*** Working data Section Begins ***

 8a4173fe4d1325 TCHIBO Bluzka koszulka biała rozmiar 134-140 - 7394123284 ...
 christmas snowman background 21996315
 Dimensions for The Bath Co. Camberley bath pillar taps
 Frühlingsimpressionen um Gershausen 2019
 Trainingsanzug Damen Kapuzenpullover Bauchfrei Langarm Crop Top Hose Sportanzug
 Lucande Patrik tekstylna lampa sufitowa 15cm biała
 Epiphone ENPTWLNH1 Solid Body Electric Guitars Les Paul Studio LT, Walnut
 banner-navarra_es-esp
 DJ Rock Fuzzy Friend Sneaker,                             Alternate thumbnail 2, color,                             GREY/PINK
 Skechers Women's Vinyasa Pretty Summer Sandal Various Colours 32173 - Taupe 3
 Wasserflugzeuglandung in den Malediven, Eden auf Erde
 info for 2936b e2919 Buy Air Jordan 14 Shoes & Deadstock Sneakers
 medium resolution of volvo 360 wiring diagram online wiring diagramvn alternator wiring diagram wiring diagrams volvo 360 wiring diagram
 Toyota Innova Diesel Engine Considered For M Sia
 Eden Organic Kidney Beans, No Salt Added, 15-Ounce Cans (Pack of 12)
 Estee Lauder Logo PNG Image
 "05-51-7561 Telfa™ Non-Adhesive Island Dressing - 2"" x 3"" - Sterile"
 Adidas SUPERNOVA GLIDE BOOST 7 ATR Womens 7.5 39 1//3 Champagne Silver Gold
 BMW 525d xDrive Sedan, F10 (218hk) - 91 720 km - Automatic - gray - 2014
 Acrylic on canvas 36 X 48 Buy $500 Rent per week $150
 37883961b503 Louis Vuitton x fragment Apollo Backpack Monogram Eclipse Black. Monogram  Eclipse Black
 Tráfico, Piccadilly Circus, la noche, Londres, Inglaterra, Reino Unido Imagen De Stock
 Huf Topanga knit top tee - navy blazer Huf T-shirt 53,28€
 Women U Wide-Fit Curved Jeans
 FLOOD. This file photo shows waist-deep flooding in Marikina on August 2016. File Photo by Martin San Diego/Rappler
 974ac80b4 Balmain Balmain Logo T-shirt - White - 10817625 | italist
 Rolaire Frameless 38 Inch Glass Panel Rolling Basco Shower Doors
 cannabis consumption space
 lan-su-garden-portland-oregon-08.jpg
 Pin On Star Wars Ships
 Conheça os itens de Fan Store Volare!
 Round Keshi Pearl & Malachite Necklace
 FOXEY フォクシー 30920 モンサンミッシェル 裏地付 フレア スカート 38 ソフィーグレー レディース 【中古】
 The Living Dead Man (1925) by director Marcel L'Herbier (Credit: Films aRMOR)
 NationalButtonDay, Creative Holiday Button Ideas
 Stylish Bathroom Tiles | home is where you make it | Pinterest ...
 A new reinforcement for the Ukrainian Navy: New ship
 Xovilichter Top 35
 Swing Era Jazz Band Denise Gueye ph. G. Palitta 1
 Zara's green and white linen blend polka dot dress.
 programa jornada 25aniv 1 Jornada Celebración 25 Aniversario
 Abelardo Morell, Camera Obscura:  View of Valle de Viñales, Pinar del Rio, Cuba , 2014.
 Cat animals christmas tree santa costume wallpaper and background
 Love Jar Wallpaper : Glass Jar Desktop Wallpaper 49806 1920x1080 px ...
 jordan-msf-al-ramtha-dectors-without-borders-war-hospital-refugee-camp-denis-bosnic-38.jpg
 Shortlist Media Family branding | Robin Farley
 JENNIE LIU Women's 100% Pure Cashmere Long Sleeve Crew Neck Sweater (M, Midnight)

*** Working data Section Ends ***

**The problem:** Would you copy, unchanged, the stretch of the records above that begins at the line containing "Acrylic on canvas" and ends at the line containing "Abelardo Morell, Camera", and only that?

**Solution:**
 Acrylic on canvas 36 X 48 Buy $500 Rent per week $150
 37883961b503 Louis Vuitton x fragment Apollo Backpack Monogram Eclipse Black. Monogram  Eclipse Black
 Tráfico, Piccadilly Circus, la noche, Londres, Inglaterra, Reino Unido Imagen De Stock
 Huf Topanga knit top tee - navy blazer Huf T-shirt 53,28€
 Women U Wide-Fit Curved Jeans
 FLOOD. This file photo shows waist-deep flooding in Marikina on August 2016. File Photo by Martin San Diego/Rappler
 974ac80b4 Balmain Balmain Logo T-shirt - White - 10817625 | italist
 Rolaire Frameless 38 Inch Glass Panel Rolling Basco Shower Doors
 cannabis consumption space
 lan-su-garden-portland-oregon-08.jpg
 Pin On Star Wars Ships
 Conheça os itens de Fan Store Volare!
 Round Keshi Pearl & Malachite Necklace
 FOXEY フォクシー 30920 モンサンミッシェル 裏地付 フレア スカート 38 ソフィーグレー レディース 【中古】
 The Living Dead Man (1925) by director Marcel L'Herbier (Credit: Films aRMOR)
 NationalButtonDay, Creative Holiday Button Ideas
 Stylish Bathroom Tiles | home is where you make it | Pinterest ...
 A new reinforcement for the Ukrainian Navy: New ship
 Xovilichter Top 35
 Swing Era Jazz Band Denise Gueye ph. G. Palitta 1
 Zara's green and white linen blend polka dot dress.
 programa jornada 25aniv 1 Jornada Celebración 25 Aniversario
 Abelardo Morell, Camera Obscura:  View of Valle de Viñales, Pinar del Rio, Cuba , 2014.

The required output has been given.